Collaboration also provides Nick with knowledge exchange opportunities and experience of different business models: “[They] invited me to join their establishment board and it was interesting because it is set up as a cooperative where it squarely sees itself as a social entrepreneurial business. It’s actually quite uncommon for co-op structures to be used for technology businesses they tend to be industry/sector businesses like dairy. So that intrigued me a little bit, around just, you know, seeing how that could work. It was a bit of an experiment for me, so I quite enjoyed that.” Through collaboration Nick is also better able to deal with the level of detail he likes to work with in his business development. For Nick, getting the detail right is important: “If you don’t do the detail you might get the deal done but you’re not necessarily putting yourself in a position where you’ve got a team that could do the next deal; because it was probably more luck that you got it across. You’re trying to manage the gap between the vision, if you like, pushing out [gestures with hands] and the detail coming in behind.” Engaging with the detail in a deal ensures that Nick has “the bases covered” and that business risk is minimised: “If that detail is there you get locked in so you can hold your place.
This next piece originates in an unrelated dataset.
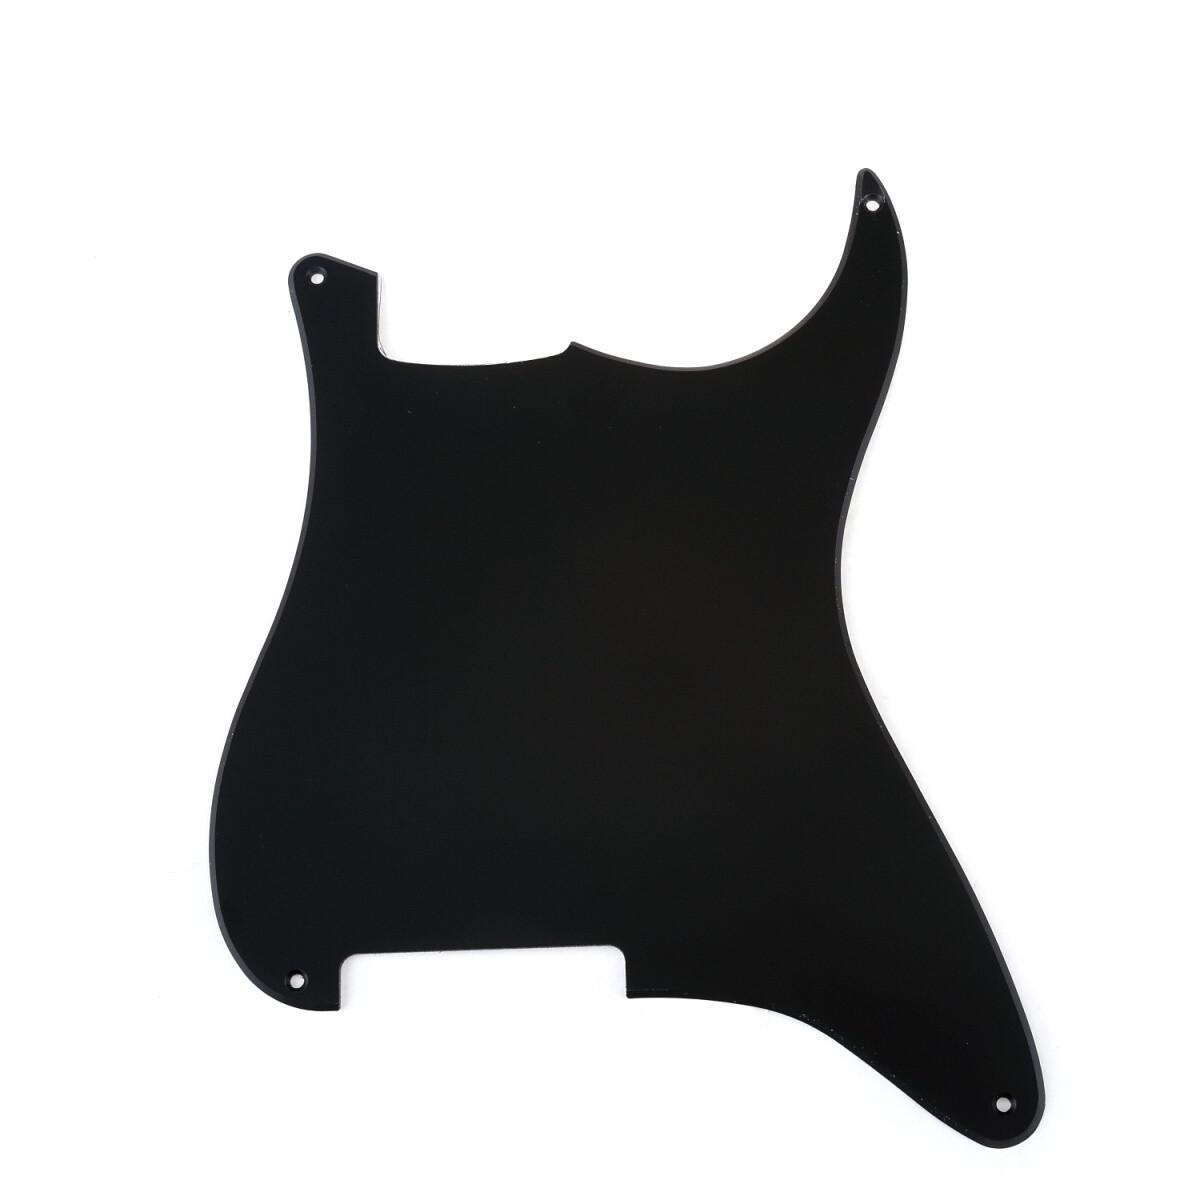 Brio Blank 4 hole outline pickguard for Strat®, 1 Ply Matte Black

The bigger the distance [to market] the more exposed you are to market silliness, or someone not being truthful or making bad decisions. I think it’s something I learned as a lawyer actually; that detail is important. But, I think, the way that I would frame it is that to me the detail has to be focused on a solution.”
Being solution-focused is important to Nick, as his resources are limited, he must show investors that capital is used wisely and he is focused on making things “happen”. However Nick has found that, as a resource himself, he has faced both exploitation and the potential for personal burn-out. Therefore, he must also carefully self-manage: “People just wanted me all the time [used strong emphasis] and I was just totally emotionally exhausted. Nick now focuses his attention on relationships that involve “meaningful conversations”. For Nick, meaningful conversations are developmental and involve a valuable exchange of ideas: “When it’s about the idea and the creativity, it’s much more of a medium of exchange than we actually think it is. The people who want me, they don’t realise that for
121 me to go and spend an hour with them and share stuff with them takes a big chunk of my energy. And it’s like feeding a hungry lion [laughs] the more you feed it the more it wants. And, then it will just eat you up.” Pragmatically, Nick remains focused on what he seeks to achieve—development—and one of his goals is to become increasingly efficient at
achieving this: “I mean the companies could still fail because the market’s not there, or they can’t get the right amount of capital at the right time. But I’m satisfied in a sense of having gone from zero to getting them to be serious opportunities; which is, basically, what I do.”
3. Development – To start to exist, or experience. To convert to a new purpose. To cause to grow, mature or become more elaborate.
“The personal goal side of it becomes complex in that I don’t delineate between work and life. And life is work, and work is life;
and it’s not really work, because it’s life.”
Nick engages in activities that lead to self-development. I define self-development as a process of change, where one begins to experience one’s life differently; or where one is caused to grow, or mature. For Nick, self-development and business development are symbiotic: “There’s a total fusion between life and work, they’re not a separate thing.” Nick’s desire for development leads him to create start-up businesses and invest in technology development. Nick targets transformational change and calls his ultimate transformation at a personal level, “enlightenment”: “Enlightenment is my key word. To me enlightenment is about having this wonderful view or understanding about how it all fits together.” For Nick, enlightenment coupled with technological innovation can effect broader transformational change by informing decision-making and providing new options: “A leader able to effect enlightenment can spread change in much greater proportion than their individual scale. I hope that I can make that context available to more people; whether it is a choice at the fuel pump to buy renewable fuel, or whether [company name] can halve current CO2 emissions per tonne of steel produced etc.” The degree of challenge in a proposition is important to Nick as this requires learning. As Nick’s skills in legal
consultancy increased the level of challenge decreased, thus Nick decided to “take the next step” and take on the “entrepreneurial leadership” of a portfolio of “start-ups”. The development of his first clean technology business took Nick on a steep learning curve: “I didn’t have the skills, nor did the team, to really execute this sort of scale. You’re talking about a minimum project size of a couple of hundred million dollars.”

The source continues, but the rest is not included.